More than 50 organisations, representing thousands of people, have backed demands for South Yorkshire Police to implement a 'Close Pass' initiative.

Dexter Johnstone, secretary of CycleSheffield

Dexter Johnstone, secretary of CycleSheffield

The policy, targeting drivers who fail to leave a safe 1.5 metre clearance when overtaking bikes, was first introduced by West Midlands Police in September 2016.

Motorists caught passing closer than that are given safety advice, with repeat offenders and those putting fellow road users at unacceptable risk face prosecution for driving without due care and attention.

The scheme has since been adopted by other police forces across the country, with West Yorkshire Police last week becoming the latest to get on board.

CycleSheffield has urged South Yorkshire Police to follow suit but, despite officers from the force attending a 'Close Pass' workshop run by their counterparts in the West Midlands, it has yet to commit to doing so.

The cycling campaign group says more than 50 organisations, including other cycling bodies and road safety campaigners, have now joined it in calling on Alan Billings, South Yorkshire's police and crime commissioner, to ensure the initiative is rolled out in the region.

Dexter Johnstone, secretary of CycleSheffield, said "South Yorkshire has a worse per capita KSI (killed or seriously injured) rate for cyclists than the West Midlands and the adoption of such a scheme would help improve both the safety and perception of safety of cycling in our region.

"We appreciate that police resources are under intense pressure due to central government’s ongoing austerity programme. However, WMP have stated that their close pass initiative is ‘cost neutral’. Cycling UK are crowdfunding the mats used to educate drivers over safe passing distances which they are making available to every police force."

"We believe that people who drive poorly/dangerously around cyclists are likely to do the same around other road users and therefore this initiative will benefit all road users, not just cyclists."

Organisations which have backed the call for a close pass initiative in South Yorkshire include British Cycling and Brake - the road safety charity.

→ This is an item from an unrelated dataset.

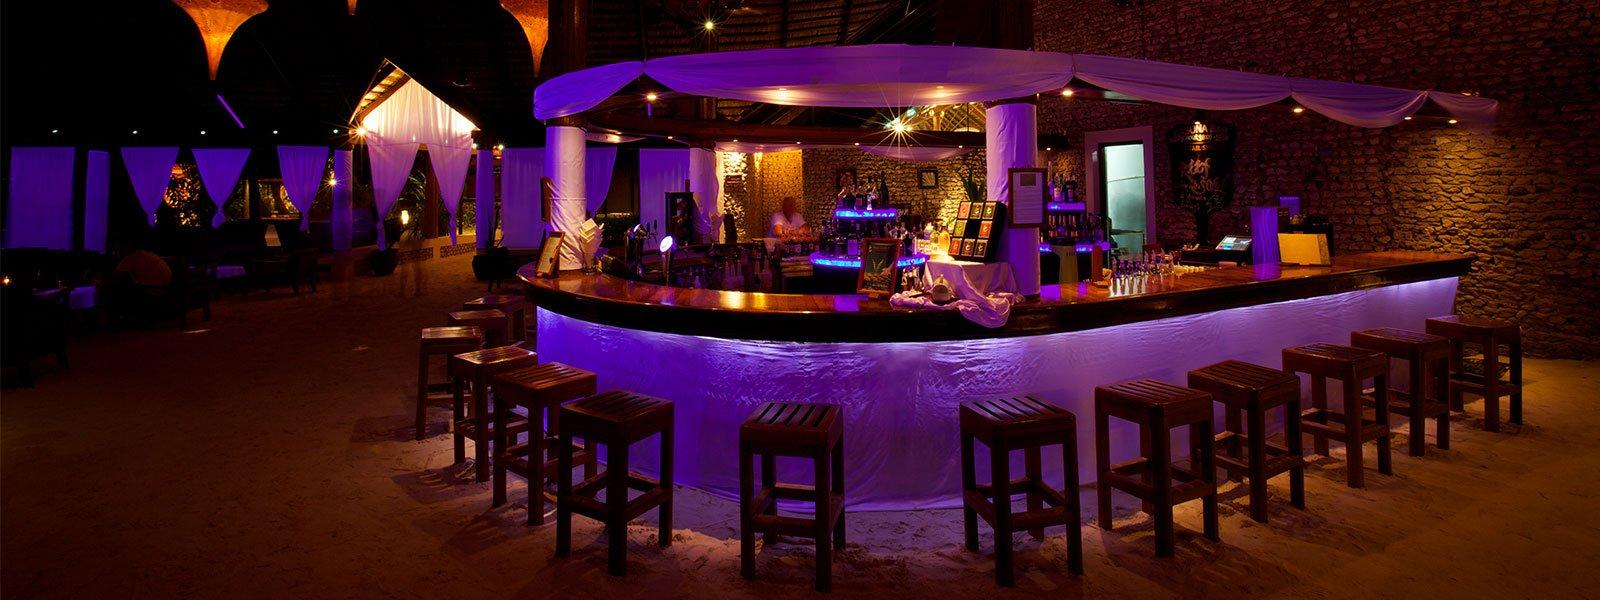 kuredu-restaurants-babuna_1600x600

Greg Fell, Sheffield's director of public health, has also thrown his weight behind the scheme.

A spokesperson for South Yorkshire Police said: "We are absolutely committed to safety for all road users and to reducing the number of people killed and injured on our roads.

"We are continuing to look at the Close Pass initiative and to evaluate its effectiveness, among the range of other tactics that we use to improve road safety in South Yorkshire.”

South Yorkshire Police has previously said its resources would be better spent making road layouts safer for cycling, with enforcement only used as a 'last resort'.

One cyclist was killed in a collision in South Yorkshire last year, according to police figures, and 52 were seriously injured - exactly half the number of cyclists killed or seriously injured each year in the West Midlands.

However, West Midlands Police serves a population of around 2.8 million, which is more than twice that covered by South Yorkshire Police.